Quelque temps après, la curie romaine créa un nouvel évêché à Fontainebleau et y nomma l'abbé Delhonneau.

Lors de son premier voyage ad limina, cet évêque ayant proposé au Saint-Siège l'érection en dogme de la croyance à la mission divine de la France, le cardinal Porporelli, quand il l'apprit, s'écria:

—Pur gallicanisme! Mais l'administration gallo-romaine, quel bienfait pour les Gaules! Elle est nécessaire pour dompter la turbulence des Français. Et que de peine pour les civiliser!...
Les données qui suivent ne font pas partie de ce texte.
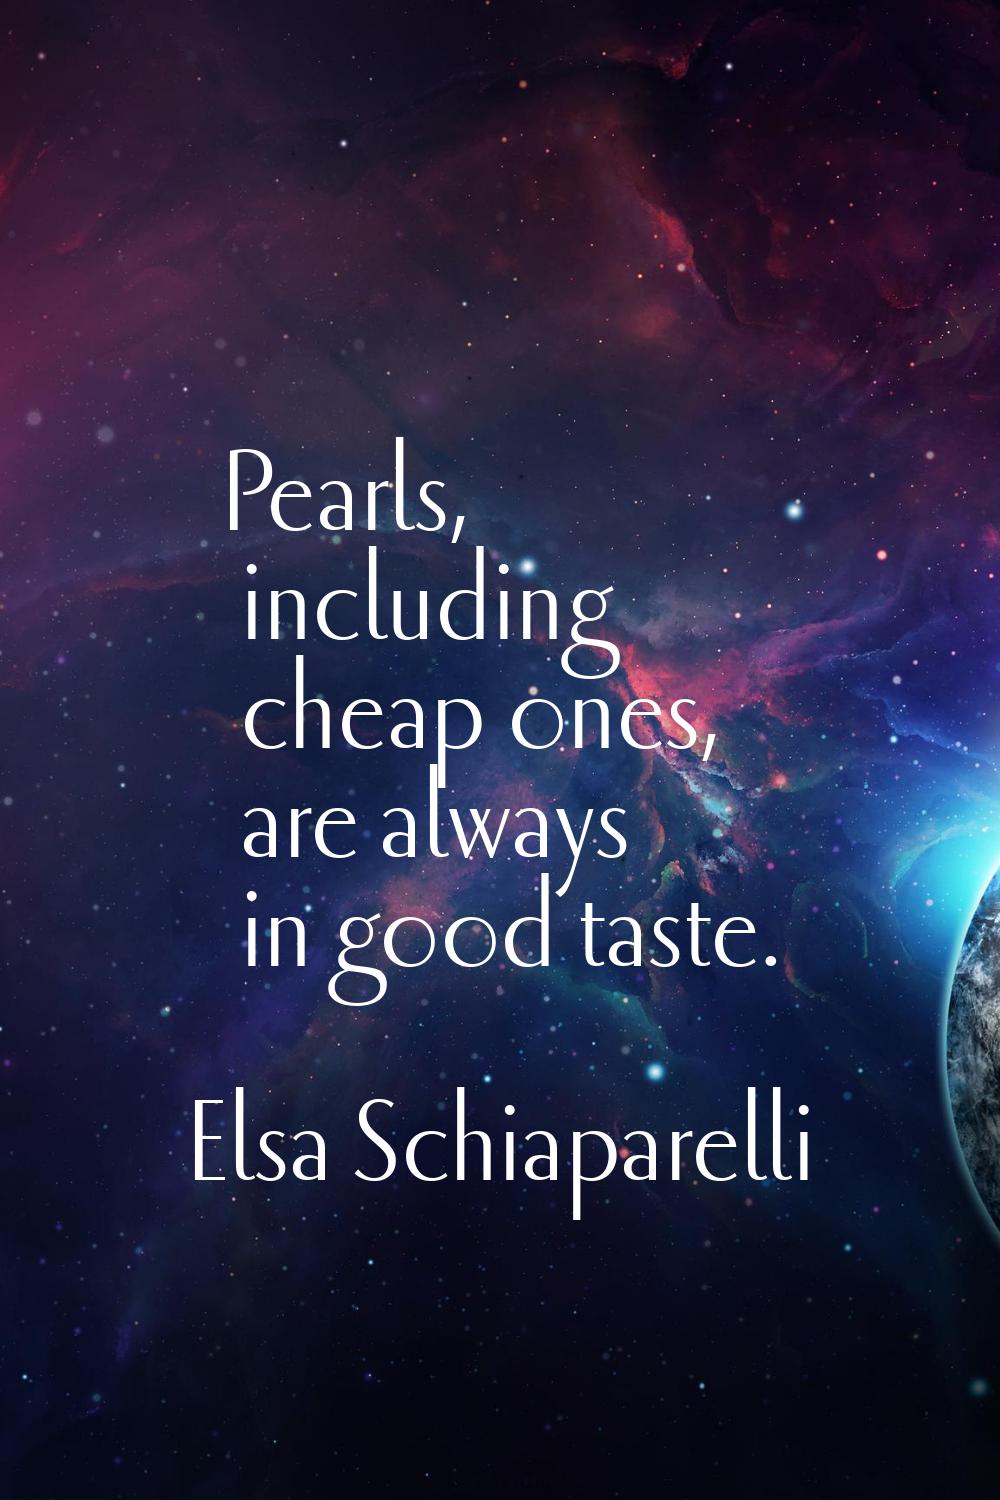 Pearls, including cheap ones, are always in good taste.

[TROIS HISTOIRES DE CHÂTIMENTS DIVINS]

[I]
LE GITON

Le nommé Louis Gian, fils d'un petit marchand d'huiles à Nice, ne manifesta jamais la moindre piété au contraire des autres enfants qui, au moins à l'époque de leur première communion, font preuve d'une dévotion touchante.

Le vicaire boiteux de Sainte-Réparate lui avait dit, un jour, pendant le catéchisme, en essuyant ses lunettes avec sa soutane sale:

—Toi, Louis! il t'arrivera malheur, parce que tu es faux. À te voir, on te prendrait pour un ange. La vérité? tu es plat comme une punaise à genoux. Tu te moques de moi. Je le sais, et tu le peux. Mais on ne se rit pas de Dieu. D'ailleurs, tu l'apprendras, trop tôt à ton souhait.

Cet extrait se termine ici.